You might want a portal so that you zoom from one area into another — the equivalent of a symlink. Now you can teleport into another part of the ZUI, but when you zoom out you always want zoom out to be the equivalent of going back, like the back button in a browser. So you have to do careful hand-off of coordinate systems, a lot of really interesting caching problems, and so Doug wrote that for use with the cellphone prototype we were working on. We put a demo of how this might work, a Flash demo where you could zoom in and zoom out, see annotations on Web pages. Bret Victor actually got involved and he created a corollary zooming user interface prototype and we went back and forth with a couple of different iterations.

HC: There was some mailing list post from a while ago talking about the size of the project: ‘Archy turned out to be too big a project for what the small team were capable of. It was more complex given the number of specced features surrounding universal undo than any I know of.’ Can you elaborate on that?

AR: Oh yeah, it’s just really simply observations. Anything you do on the computer you should be able to undo. You don’t feel like you’re walking through landmines. If you do the wrong thing or touch the wrong button you won’t be able to recover from it. So the question is: if you are making an extensible system, how do you have it so that every application you can always get back to from the last step?

It’s something we want in real life, it’s the ability to take back the thing we just said, and at the very least we can do that on the computer.

But what does it mean to hit undo if you have a collaborative document that multiple people are editing, does hitting undo just undo yours, or does it undo everyone's?
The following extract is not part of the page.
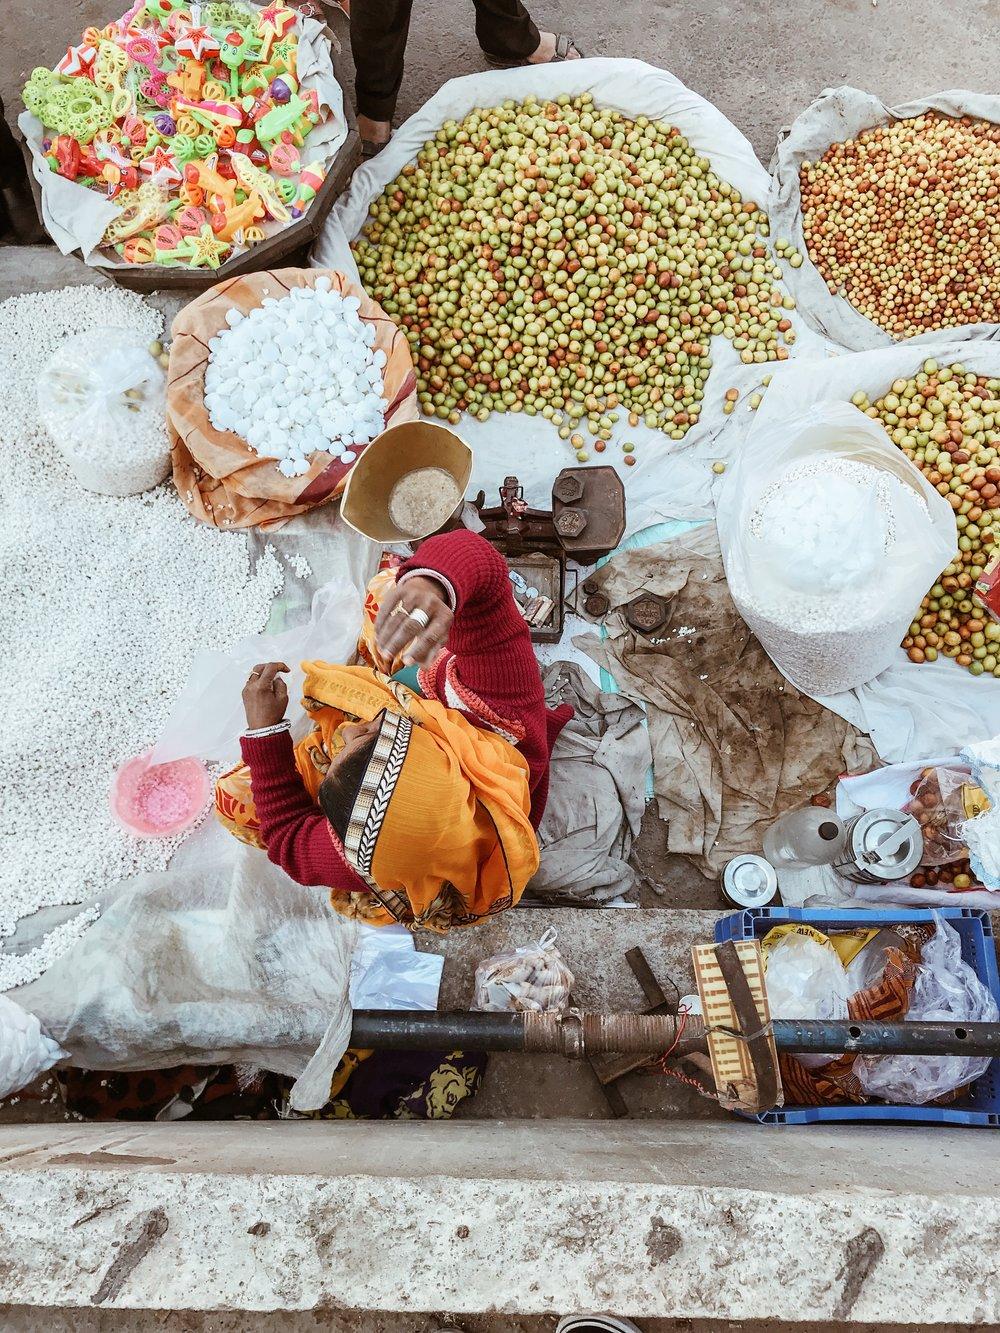 Lady selling Grain, Johari Bazaar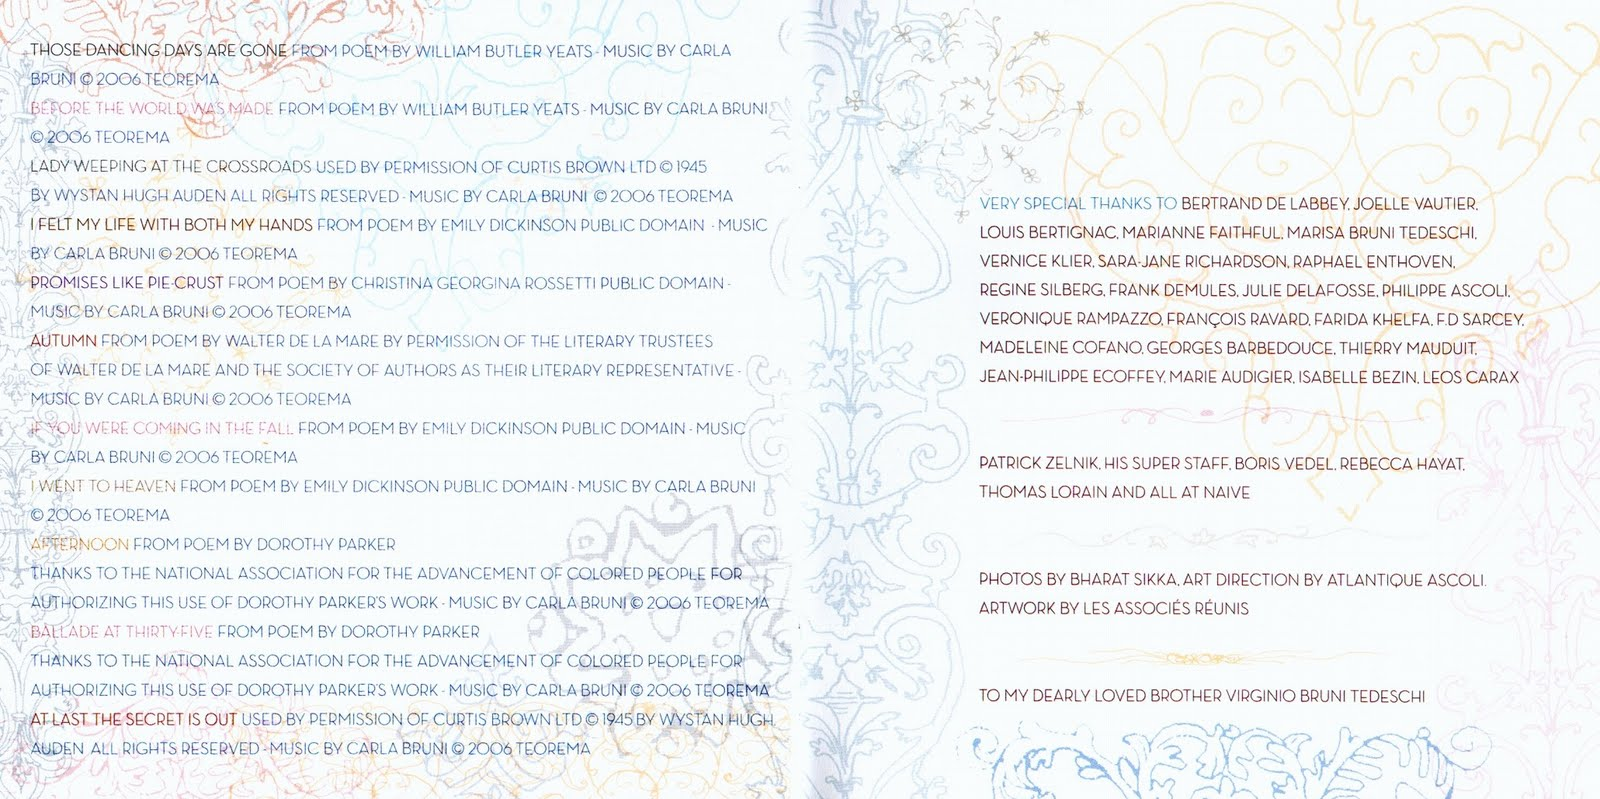 http://1.bp.blogspot.com/--QYeXXdOd3E/TjchCwvMrII/AAAAAAAAYA0/zlWvuNXFHRs/s1600/12.jpg

Should undo operate just in the document that I’m currently looking at, or does it undo the global thing?

There are a really interesting set of problems that come from a very simple thing which is the principle of being able to get back to where you were and keeping the environment always safe.

HC: Were there any big ticket items or anything glaring that you didn’t get on the roadmap?

AR: One of the largest problems was figuring out how this thing could really become your new environment to work in. How do you interoperate? You’re going to want to be doing all of your editing and coding inside of this thing, but the predominant form of doing that now are lots and lots of files. How do we interop between a world where there’s folders and files, to a world where there’s just one really long document or ZUI? Figuring out all of those bridges so that you could gracefully upgrade people from the current day to the Archy world. I think it was sort of an open-ended question: ‘How do we want to do that bridge’.

HC: Did you ever think about compromising, or was it the case that Archy was this very opinionated stance and other things were going to have to figure out how to fit into it?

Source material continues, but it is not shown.